On Monday morning, Chance the Rapper burst into a tweetstorm defense of Kanye West’s dubious presidential candidacy. It started when Chance quote-tweeted a new Kanye song called “DONDA,” released on Sunday to honor West’s late mother’s birthday. “And yall out here tryna convince me to vote for Biden. Smfh,” Chance wrote, implying that the ability to write a good song has some bearing on Kanye’s White House qualifications.

Chance tweeted through it for a few hours, first following the initial tweet with vague ruminations on the two-party system and branding criticism of Kanye’s campaign as racist. He appeared to genuinely want explanations for why supporting Joe Biden would be preferable to West, a candidate who has yet to file paperwork or vote in an election. “Are u more pro biden or anti ye and why,” he wrote. “I get that you’ll want to reply that you’re just tryna “get trump out” but in this hypothetical scenario where you’re replacing Trump, can someone explain why Joe Biden would be better??” After becoming a top trending topic and getting hollered at for much of the morning, Chance seemed to understand where the winds were blowing. “I finally got the answer now. I understand. Yall trust Biden more than yall trust Ye. I think I understand why, I just don’t feel the same way,” he wrote.

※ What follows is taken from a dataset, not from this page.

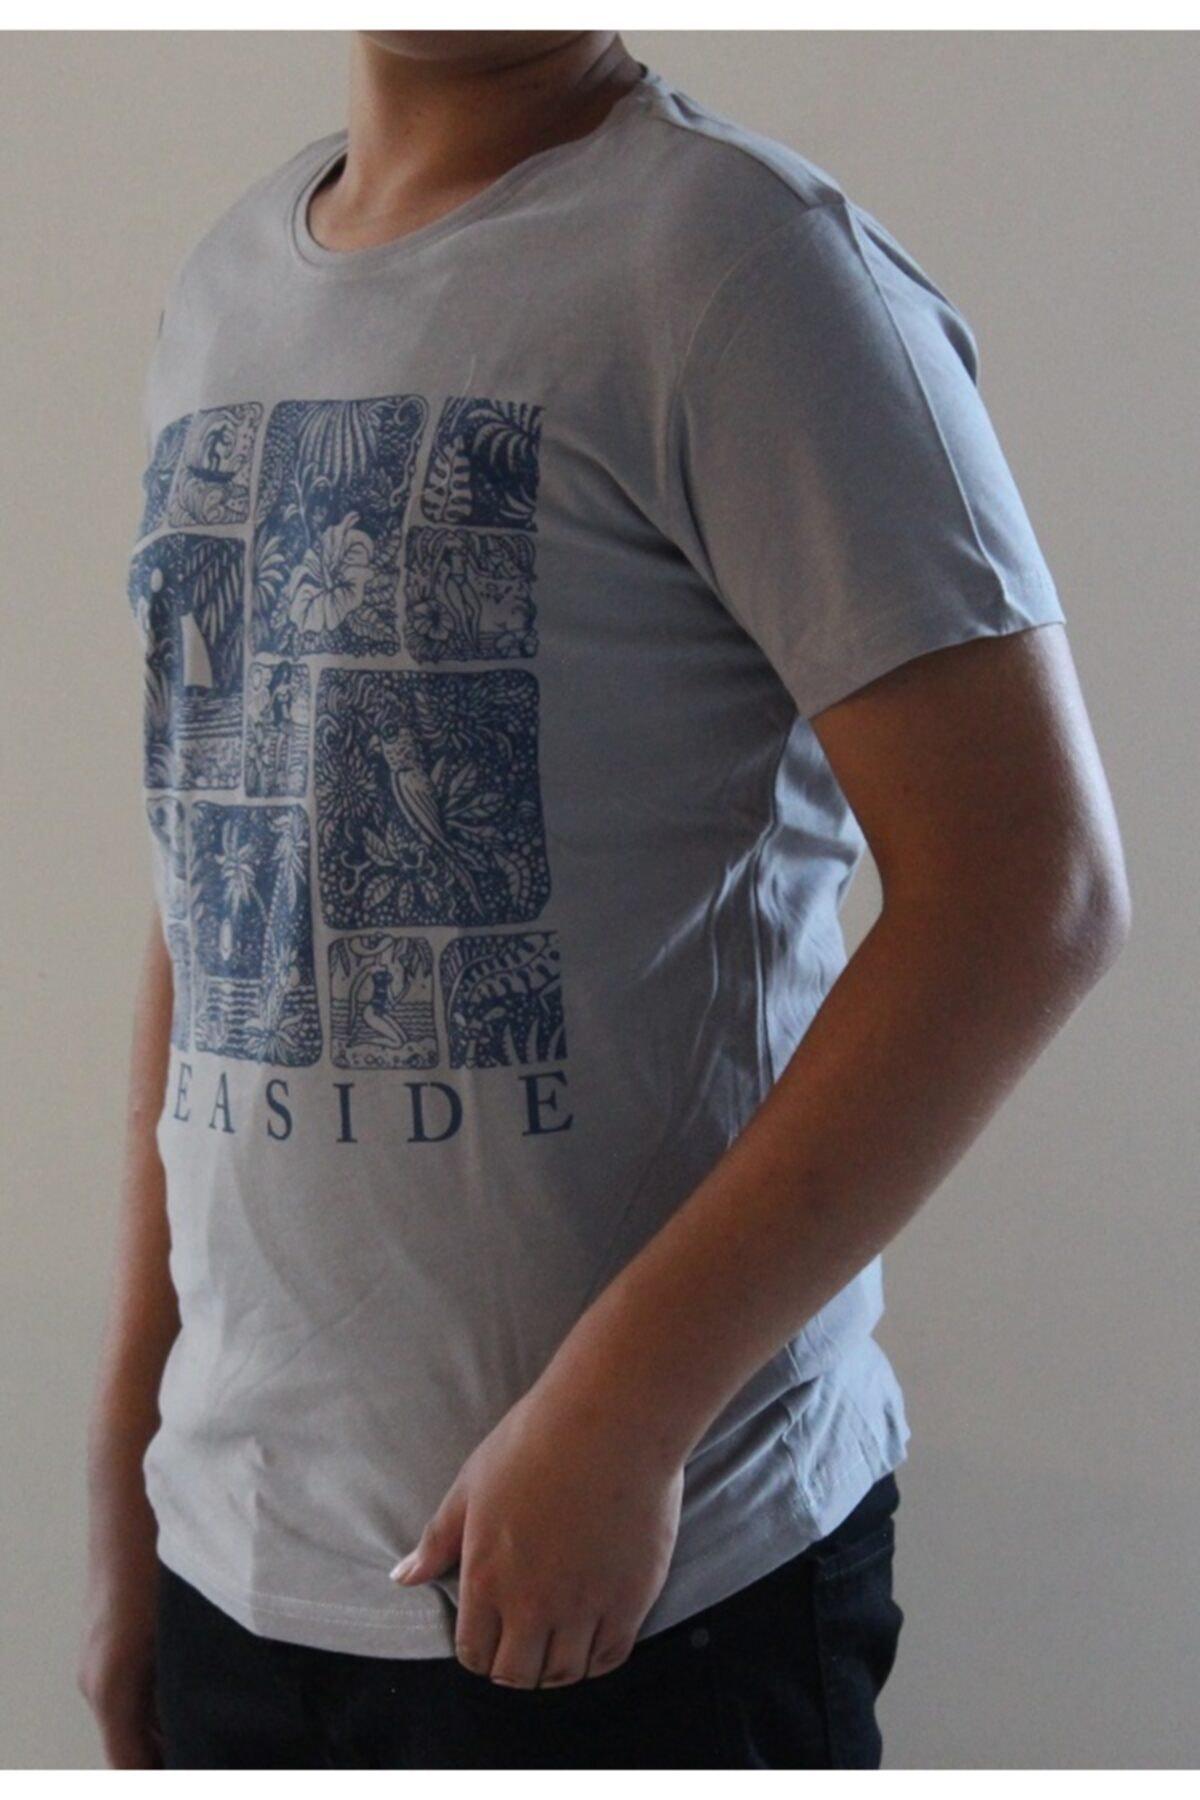 Lion Erkek Gri Bisiklet Yaka T-shirt 2711 1
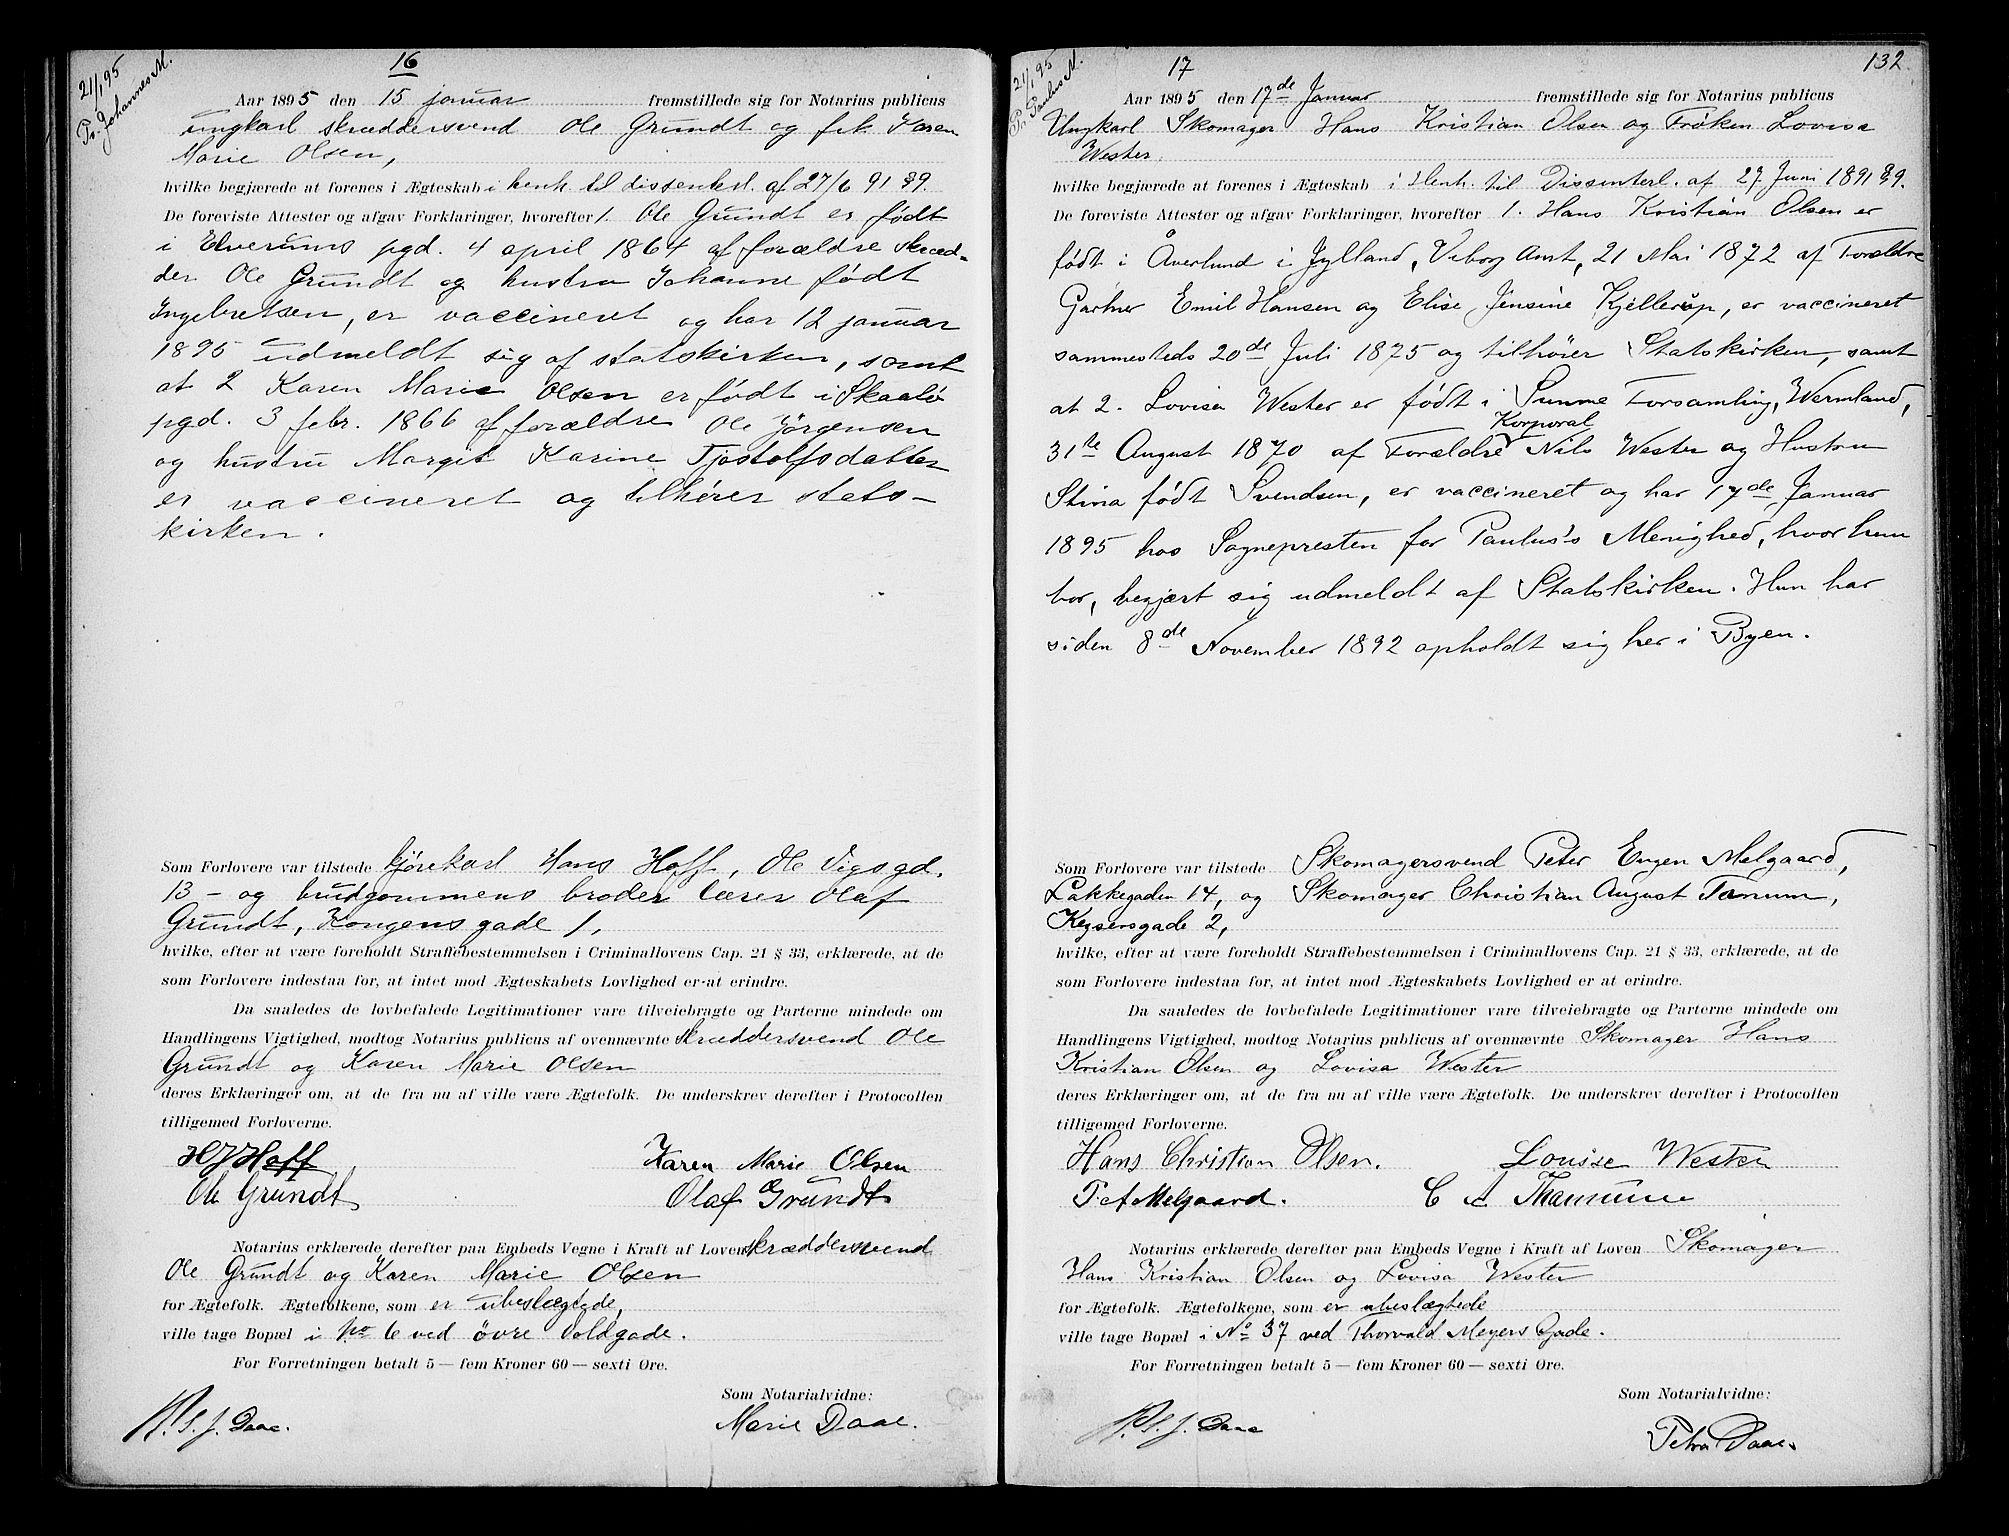 SAO, Oslo byfogd avd. I, L/Lb/Lbb/L0003: Notarialprotokoll, rekke II: Vigsler, 1893-1897, s. 131b-132a

As he continued to post, Chance stumbled on a few solid points along the way — confronting how pundits talk about being “presidential” as shorthand for preserving civility and good-feelings optics, even if the president in question is committing mass atrocities around the world or at home. But after lending credulity to a “campaign” that may ultimately serve as a publicity vessel for Kanye’s upcoming album called God’s Country, the damage was done.

Kanye’s alleged candidacy took another sharp turn last week when he suddenly pivoted away from supporting President Trump and outlined some of his policy proposals. In an interview with Forbes, West shared some noxious opinions about Planned Parenthood clinics and vaccination, along with conspiracy theories about the government implanting microchip technology. This came a week after he rapped about forced sterilization (“Plan B was they Plan A, to lower the count of our families / To lower the count on our damn votes”) on Ty Dolla $ign’s new song “Ego Death.”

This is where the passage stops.